Lung and Respiratory Damage
Smoked cannabis, regardless of the device used, harms lung tissue. It causes scarring and damages small blood vessels in the lungs. Chronic smokers face a higher risk of bronchitis, persistent cough, and excess mucus production. The good news is that these symptoms generally improve after quitting.
The connection to lung cancer, emphysema, and COPD is less clear. Cannabis smoke contains many of the same toxins and carcinogens as tobacco smoke, but the research hasn’t yet established definitive long-term risk numbers for these diseases. This gap exists partly because most long-term cannabis smokers also smoke or have smoked tobacco, making it hard to isolate the effects.
Heart and Stroke Risk
Daily cannabis use is associated with a 25% increased risk of heart attack and a 42% increased risk of stroke compared to non-use. These numbers come from a large study of U.S. adults published in the Journal of the American Heart Association.

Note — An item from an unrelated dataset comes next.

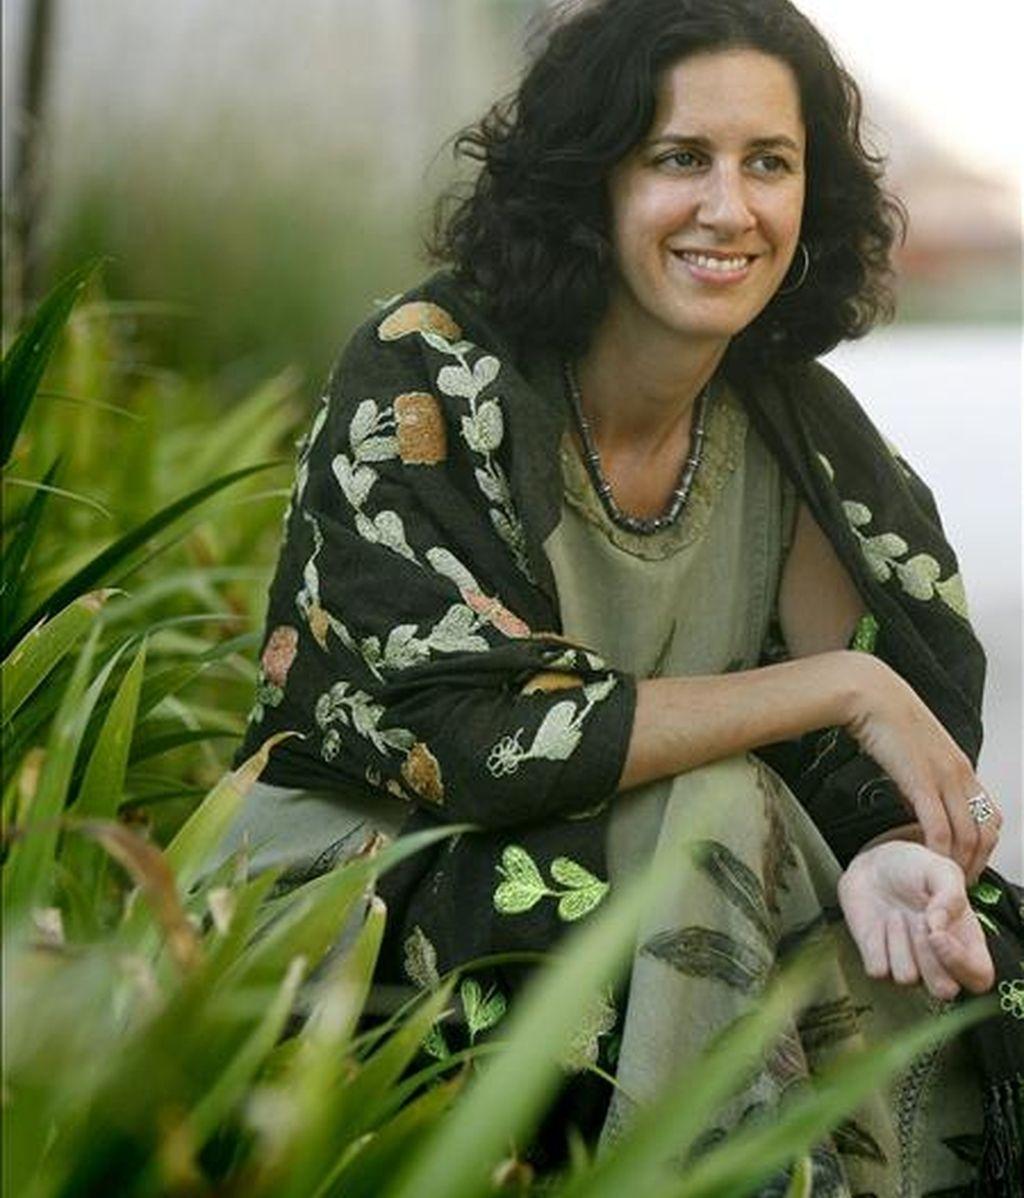 """La escritora iraqui Nadje Sadig Al-Ali, afirmó que el uso del burka es """"un fenómeno postinvasión"""", durante la entrevista-presentación con Efe de su libro """"Mujeres iraquíes"""" en el que relata las vivencias de más de 200 mujeres, así cómo la caída del régimen de Hussein. EFE"""
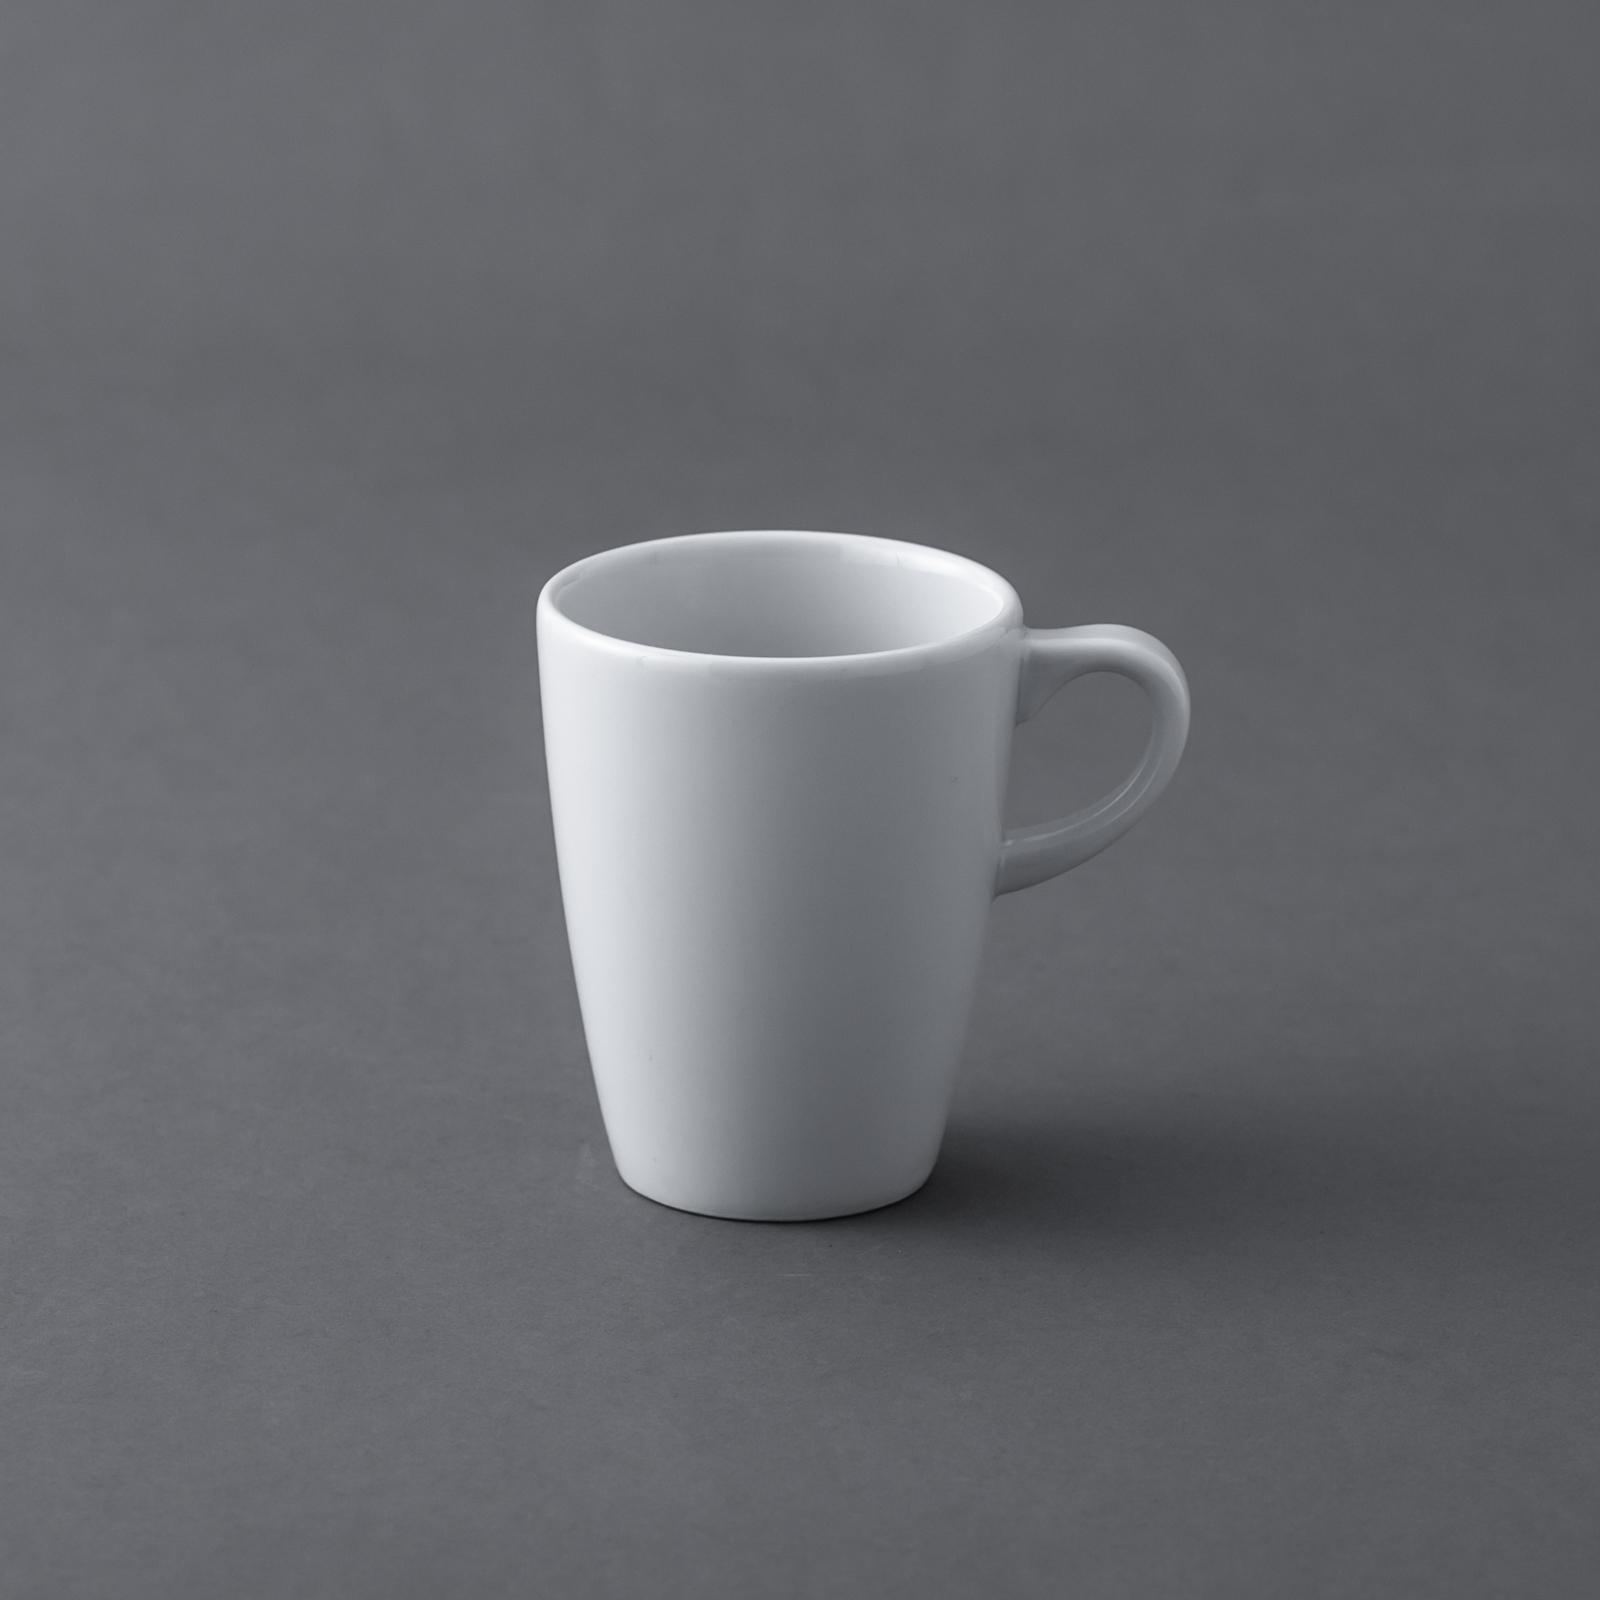 PILLIVUYT _ エデン ティーカップ

The most striking finding involved people who had never smoked tobacco or used e-cigarettes. In that group, daily cannabis use was associated with more than double the risk of stroke. This matters because it removes tobacco as a confounding factor, suggesting cannabis itself contributes to cardiovascular risk rather than simply being a marker for people who also smoke cigarettes. The mechanisms likely involve the effects of THC on heart rate, blood pressure, and blood vessel function.
Cannabis Use Disorder and Dependence
Roughly 3 in 10 people who use cannabis develop cannabis use disorder, characterized by difficulty controlling use, continued use despite negative consequences, and withdrawal symptoms when stopping. Starting before age 18 significantly increases this risk.
Withdrawal is real and can be uncomfortable. Symptoms typically begin within 24 to 48 hours of stopping heavy, long-term use and peak around day three. The most common symptoms include irritability, anxiety, restlessness, decreased appetite, depressed mood, insomnia, and vivid or disturbing dreams. Most symptoms resolve within two weeks, though some can linger for three weeks or longer in very heavy users.
Cannabinoid Hyperemesis Syndrome
Cannabinoid hyperemesis syndrome (CHS) is a condition that develops in long-term users, typically after about 10 to 12 years of regular use. It causes cycles of severe nausea, intense abdominal pain, and repeated vomiting that can reach up to five times per hour. A hallmark feature is that hot showers provide temporary relief, and many people with CHS shower compulsively for hours each day.
CHS often begins with a prodromal phase of morning nausea and stomach discomfort that can last months or even years before progressing to full episodes. The only proven treatment is stopping cannabis use entirely. People who resume use after recovery typically see the symptoms return.
Pregnancy and Prenatal Exposure
Cannabis use during pregnancy may affect the developing brain of the fetus. Studies suggest that children exposed to cannabis in utero are more likely to have problems with attention, memory, problem-solving, and behavior later in life. The research in this area is still growing, but the existing evidence is consistent enough that prenatal exposure is considered a meaningful risk factor for neurodevelopmental differences in children.